Sunday, July 8, 2018

Loaded with myths, legends and folklore, Northern Ireland

Loaded with myths, legends and folklore, Northern Ireland is hauntingly beautiful. Here’s what a road trip down the Causeway Coastal Route revealed to us…

They say, it’s supposed to be about the journey, not the destination, and when I take a road journey with my friend on the spectacular Causeway Coastal Route, I can exactly see why. We begin our drive from Belfast, via the Antrim Coast Road, all the way to the UNESCO World Heritage Site from which it takes its name. Deep-blue skies, manicured green lawns, dramatic cliff edges, a stunning coastline, magnificent beaches, sleepy seaside hamlets, stunning archaeological feats – all come together to soothe our souls.
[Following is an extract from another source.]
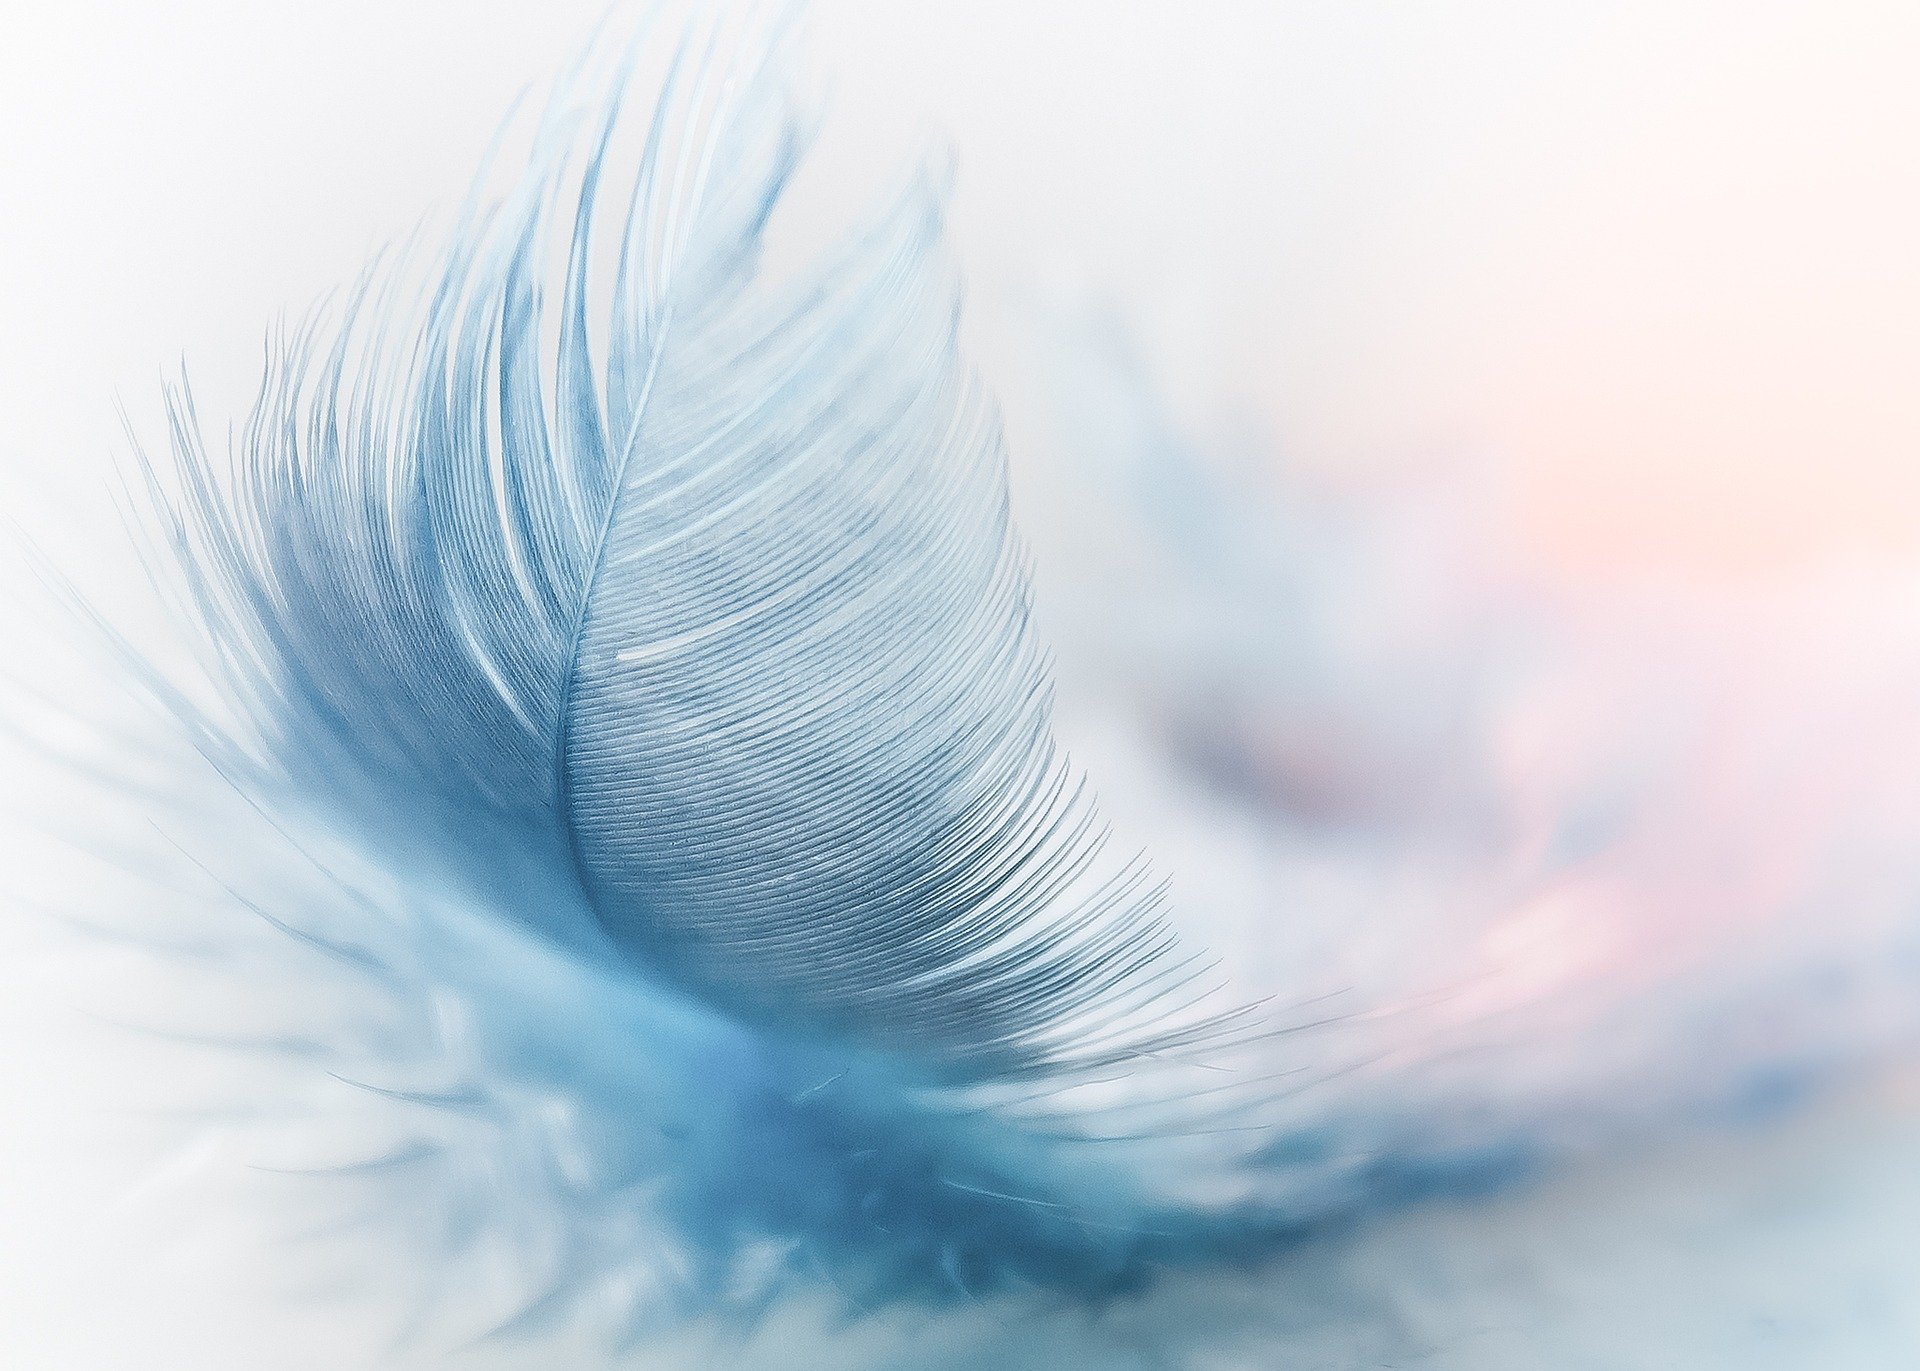 El significado de encontrar plumas y su mensaje según su color

Northern Ireland seems like a world away from the frantic bustle of modern life. I turn on some old-fashioned Irish music, roll down the windows and rest my arms on the door frame to let the fresh breeze blow on my face. Road trips are perfect for a laidback soul; someone who hates going by the timetable and wants to avoid all the unnecessary stress that comes with strict departure timings.


We make a quick stop at Glenarm Castle Walled Garden, a horticultural spectacle that boasts of an incomparable setting by the sea. From the mount at the top of the garden, one can enjoy a breathtaking view of the castle, sea and the estate beyond. For those wanting to take a longer break and recharge, the 19th century mushroom house offers light lunch options and delicious homemade cream teas.

Next, we are on our way to Ballintoy, one of the locations used to film the Game of Thrones television series. Home to merely 200 people, the small fishing harbour and the surrounding village has hardly changed in hundreds of years which makes it the perfect setting for the medieval saga.


For those looking to capture a true sense of Irish rural life, this one’s a not-to-miss stopover whilst touring the coastal route. Just down the road is Carrick-a-Rede Rope Bridge that dangles 100 feet above the sea, connecting the tiny Carrick Island and the County Antrim mainland for around 350 years. We are brave enough to cross the bridge swayed by the winds only to be rewarded by fantastic views spanning over Rathlin island as well as amazing flora, fauna and bird life. As we dare to look down while crossing the bridge, we see numerous mysterious caves and caverns being lashed by the ocean waves below. There are stories everywhere in Northern Ireland and these tales never fail to kindle child-like curiosity and imagination. When touring the region, we get to know of giants, goddesses, kings, leprechauns and banshees that have very much become a part of Ireland’s history and culture. One of the most picturesque and romantic of Irish castles, Dunluce has an air of eeriness and melancholy that only adds to its charm. A defended site from at least 500 AD, the present castle ruins keep many secrets and ghost stories. There is a tale about the ghost of a sad and troubled woman sweeping the prison tower, lamenting her lost love.

To seal the day with a tipple, we head to Ireland’s oldest working licenced distillery, dating from 1608. At Bushmills, it’s interesting to see how the unique triple-distilled Irish whiskey is produced. We experience all the sights, smells and noises as the smooth and rich malt spirit is made right in front of us. Have a keen interest in whiskey? Go for one of the tutored whiskey tasting sessions.